Nilearn understands two different ways of defining regions, which are called labels and maps, handled respectively by NiftiLabelsMasker and NiftiMapsMasker.

  • labels: a single region is defined as the set of all the voxels that have a common label (usually an integer) in the region definition array. The set of regions is defined by a single 3D array, containing at each location the label of the region the voxel is in. This technique has one big advantage: the amount of memory required is independent of the number of regions, allowing for representing a large number of regions. On the other hand, there are several contraints: regions cannot overlap, and only their support could be represented (no weighting).
  • maps: a single region is defined as the set of all the voxels that have a non-zero weight. A set of regions is thus defined by a set of 3D images (or a single 4D image), one 3D image per region. Overlapping regions with weights can be represented, but with a storage cost that scales linearly with the number of regions. Handling a large number (thousands) of regions will prove difficult with this representation.

Note

These usage are illustrated in Extracting times series to build a functional connectome

4.2.3.2. NiftiMapsMasker Usage

This atlas defines its regions using maps. The path to the corresponding file is given in the “maps_img” argument. Extracting region signals for several subjects can be performed like this:

One important thing that happens transparently during the execution of NiftiMasker.fit_transform is resampling. Initially, the images and the atlas do not have the same shape nor the same affine. Getting them to the same format is required for the signals extraction to work. The keyword argument resampling_target specifies which format everything should be resampled to. See the reference documentation for NiftiMapsMasker for every possible option.

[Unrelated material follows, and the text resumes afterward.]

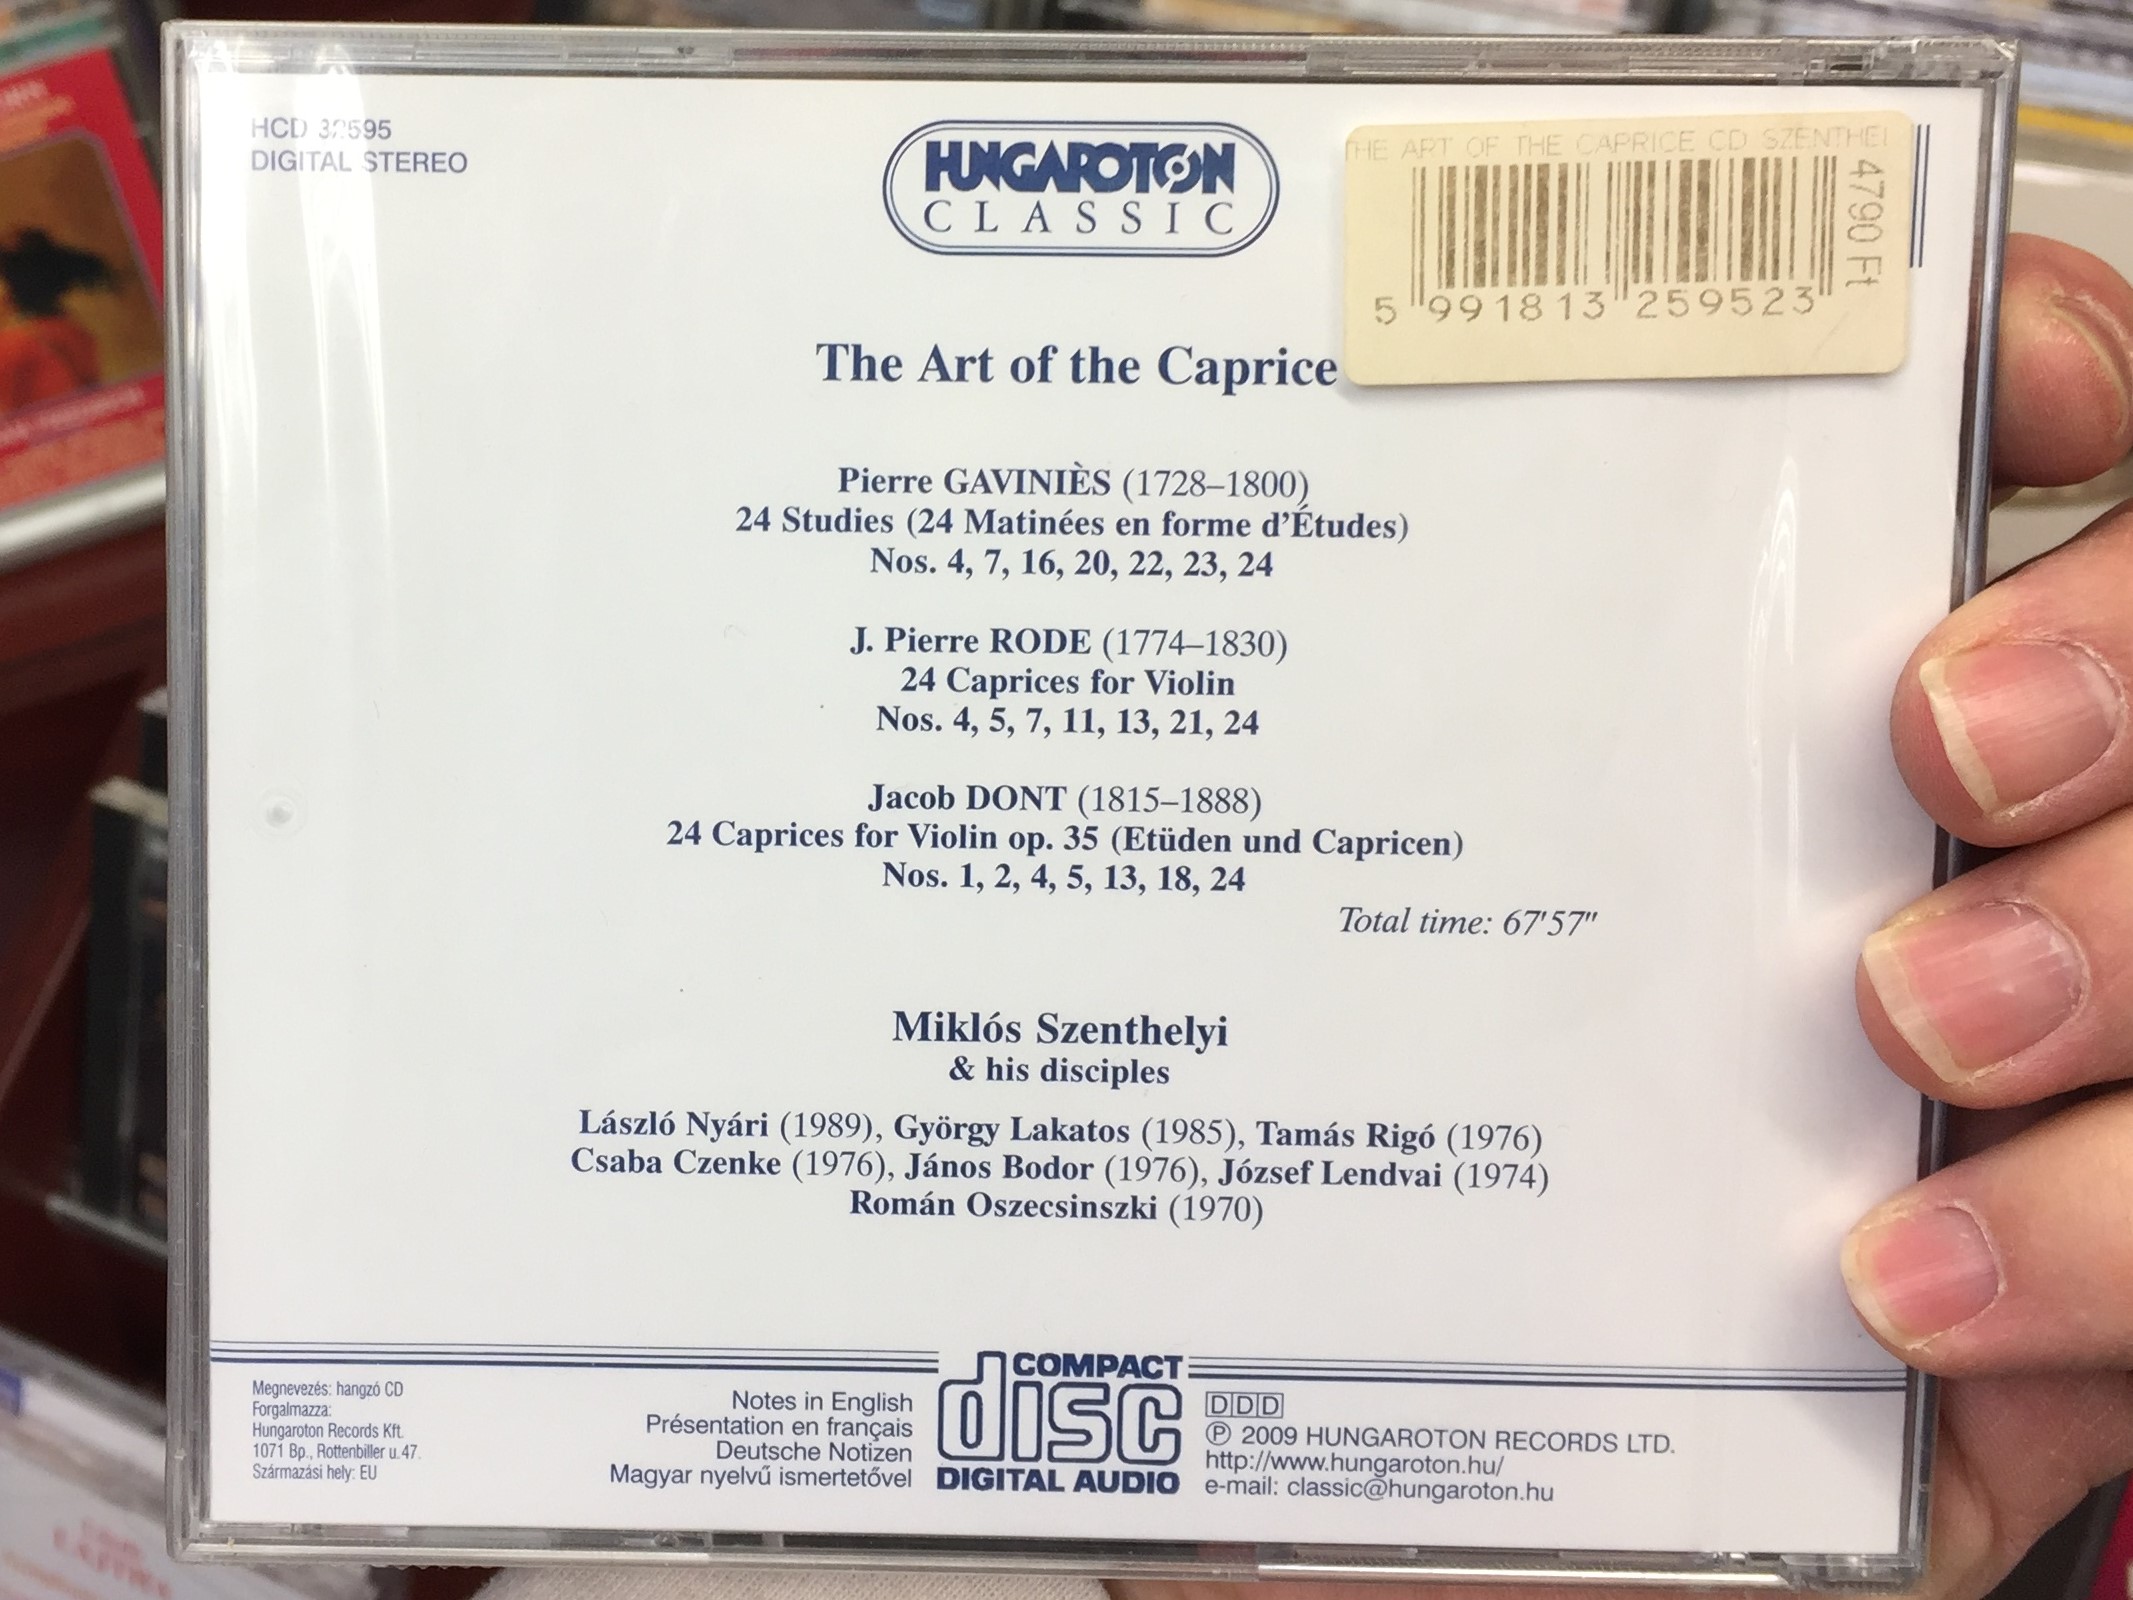 the-art-of-the-caprice-miklos-szenthelyi-his-disciples-works-by-j.-pierre-rode-pierre-gavinies-jacob-dont-hungaroton-classic-audio-cd-2009-stereo-hcd-32595-2-.jpg
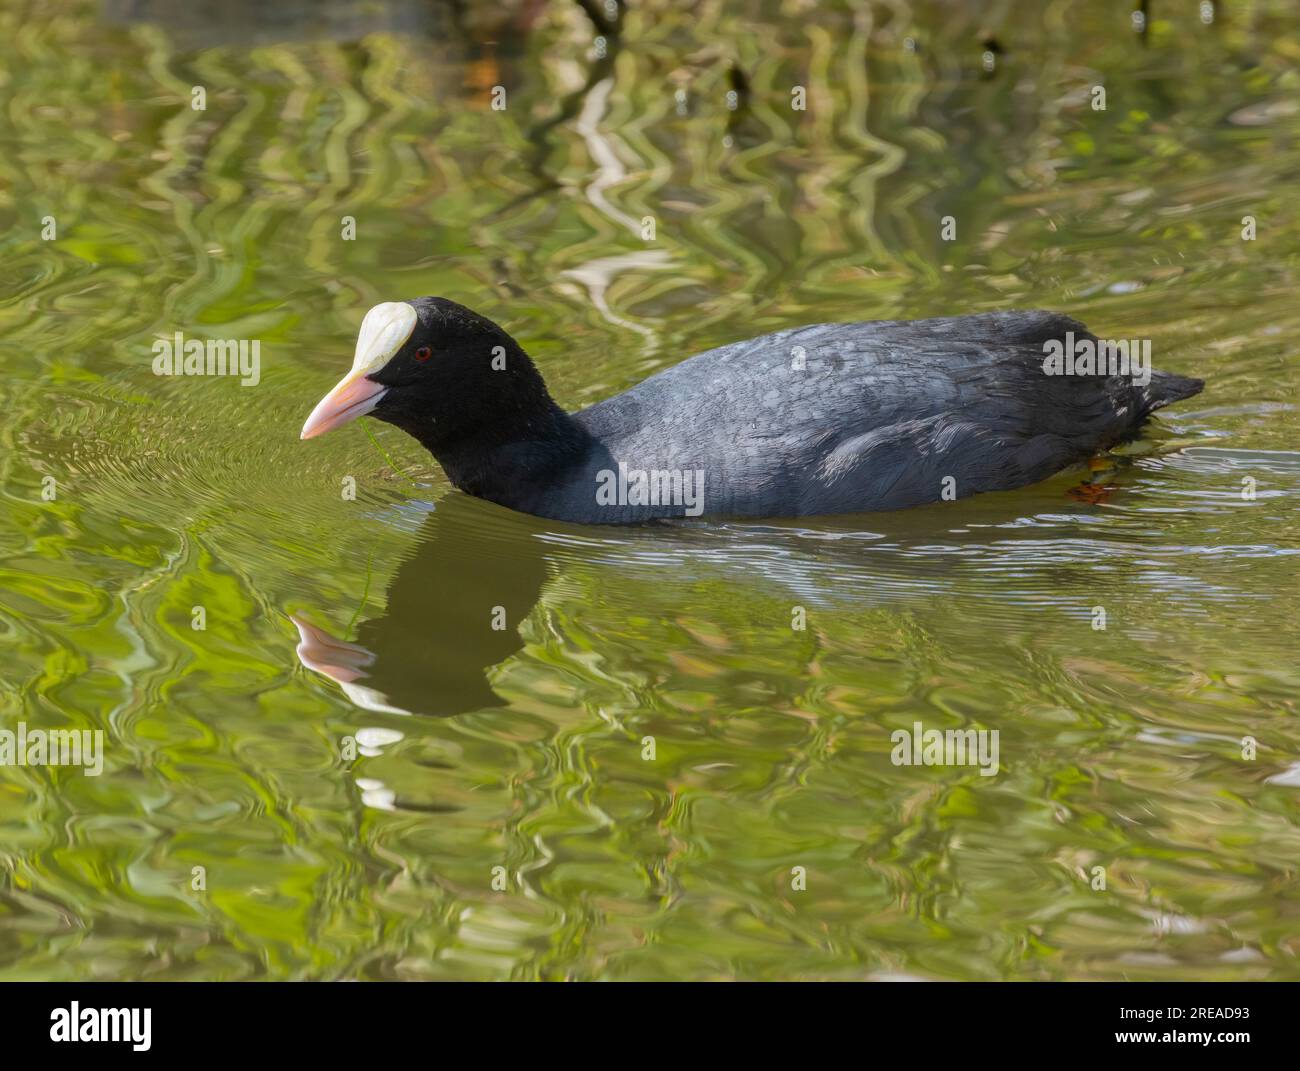 Coot water bird swimming through water with green reflection from reeds Stock Photo

4.2.3.3. NiftiLabelsMasker Usage

Usage of NiftiLabelsMasker is similar to that of NiftiMapsMasker. The main difference is that it requires a labels image instead of a set of maps as input.

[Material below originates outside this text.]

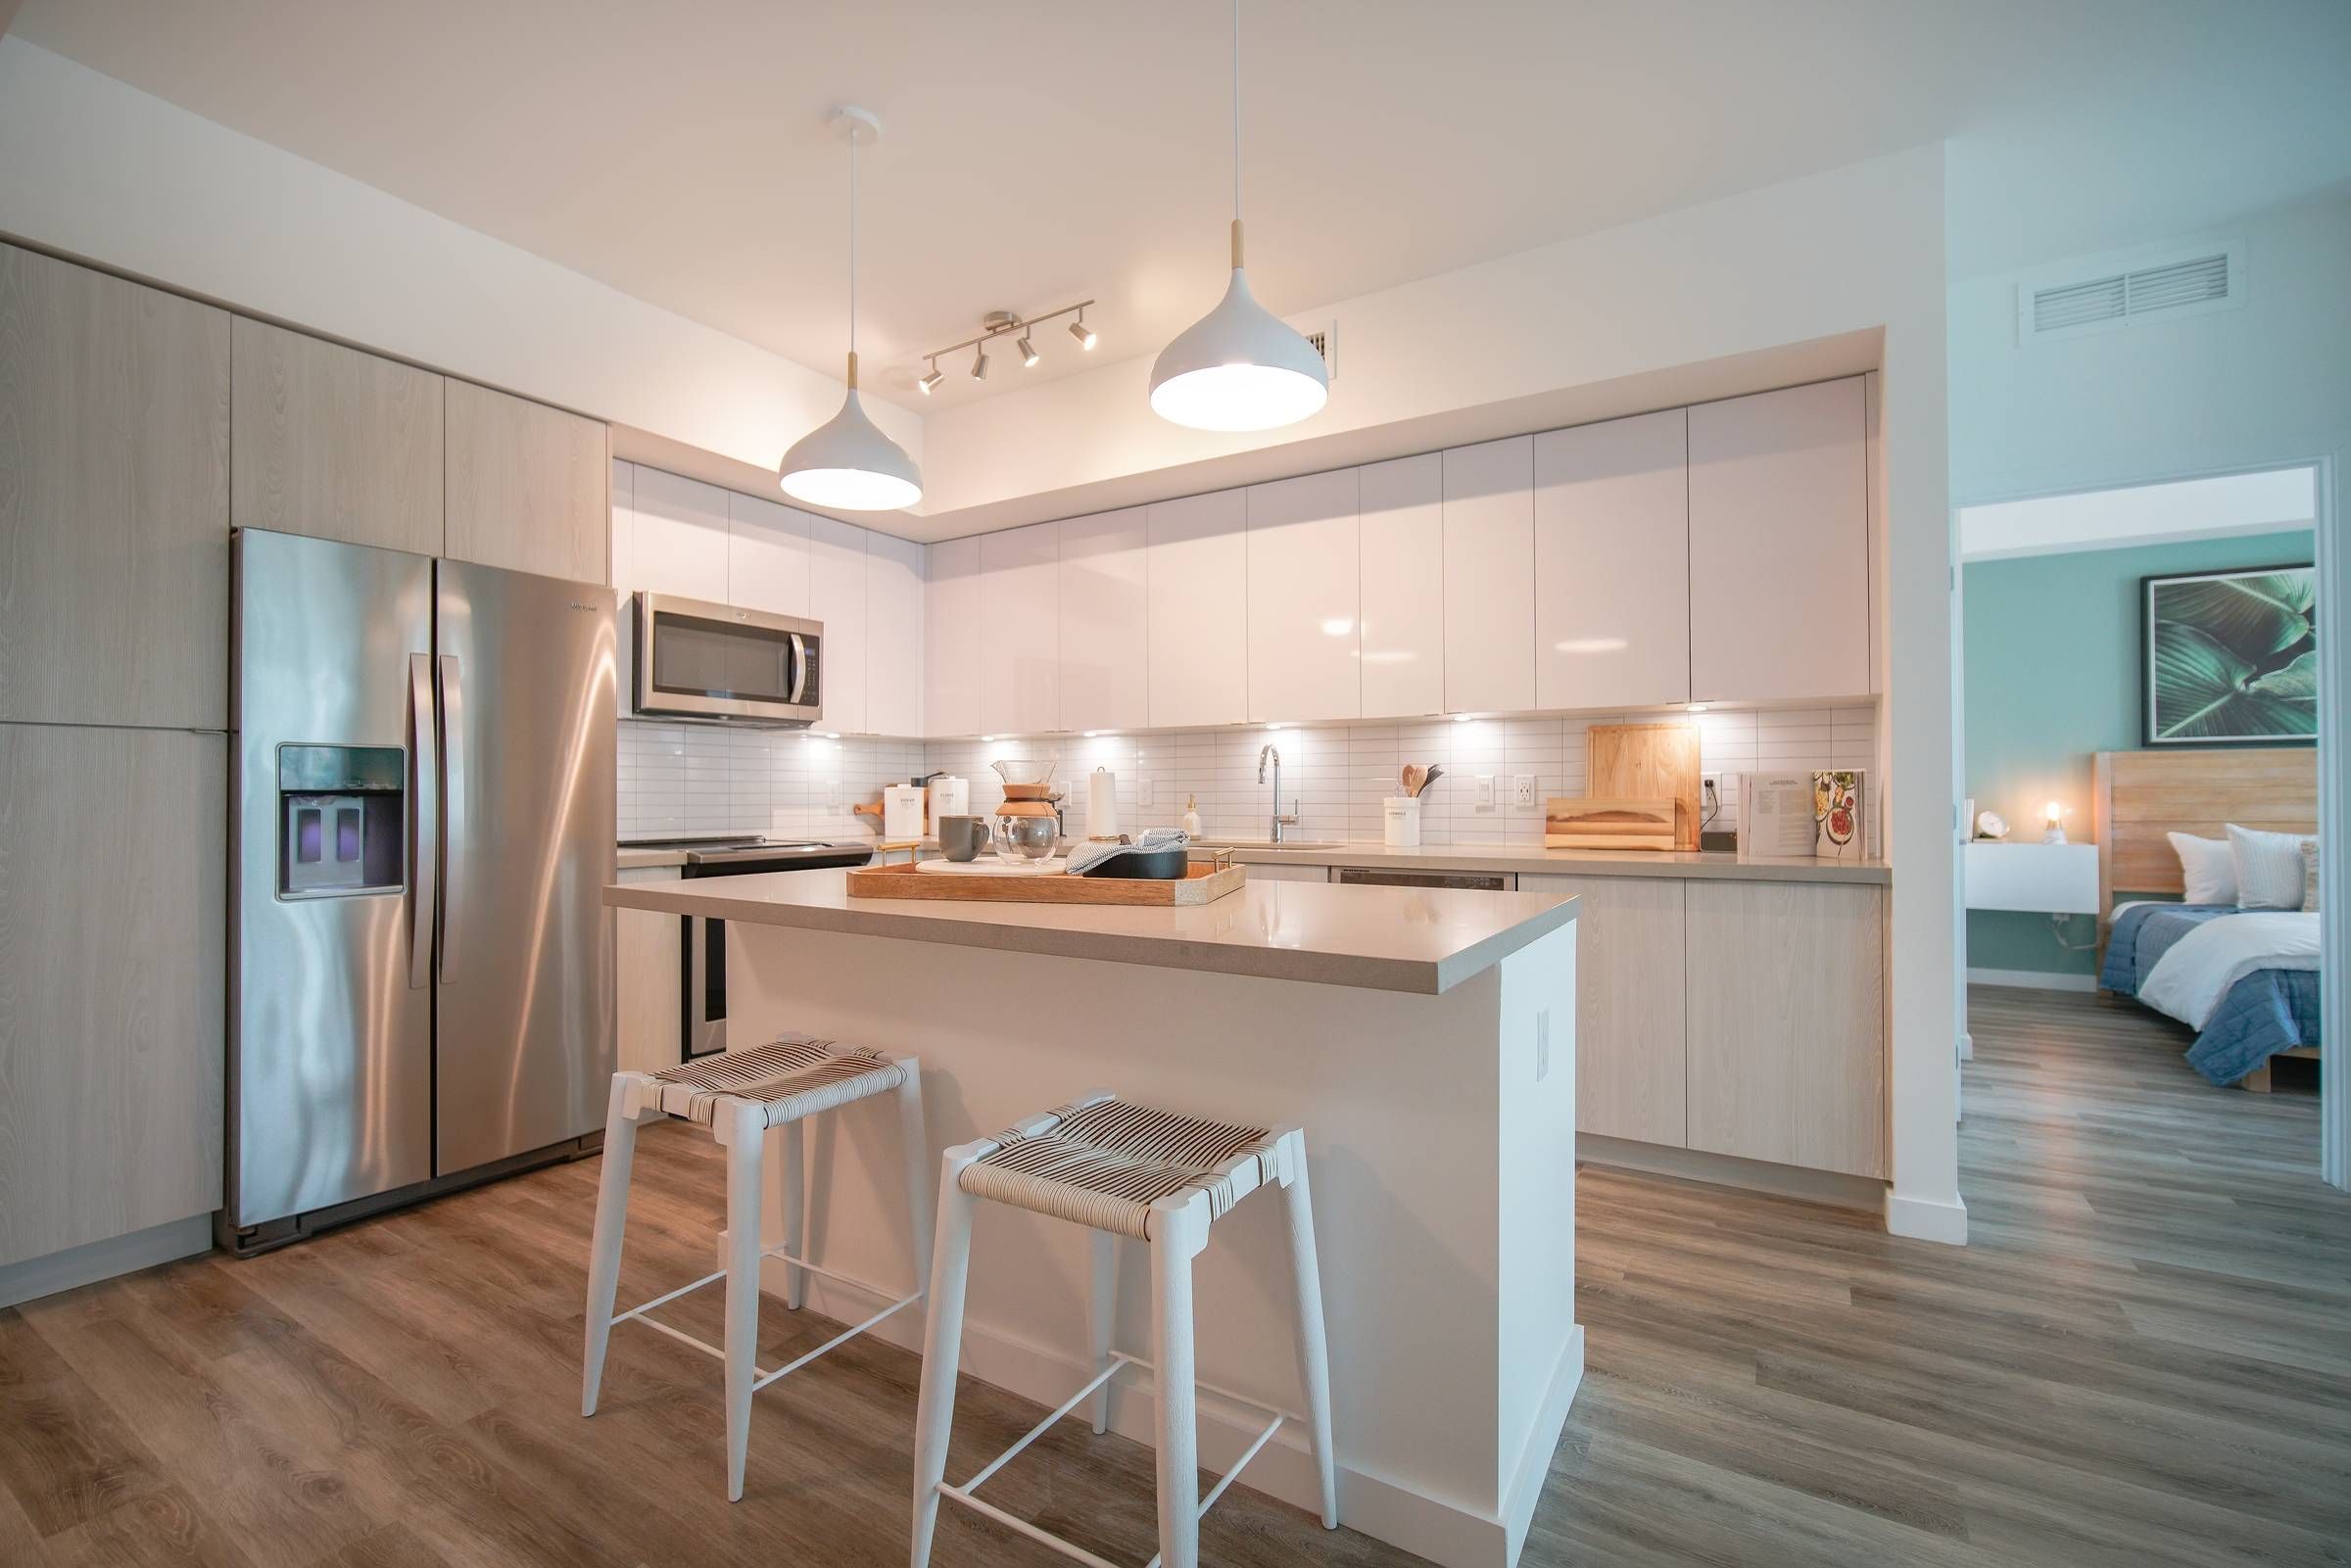 Bask resident kitchen with ample cabinet space, floating kitchen island with seating, and stainless steel appliances.

The background_label keyword of NiftiLabelsMasker deserves some explanation. The voxels that correspond to the brain or a region of interest in an fMRI image do not fill the entire image. Consequently, in the labels image, there must be a label corresponding to “outside” the brain, for which no signal should be extracted. By default, this label is set to zero in nilearn, and is referred to as “background”. Should some non-zero value occur, it is possible to change the background value with the background_label keyword.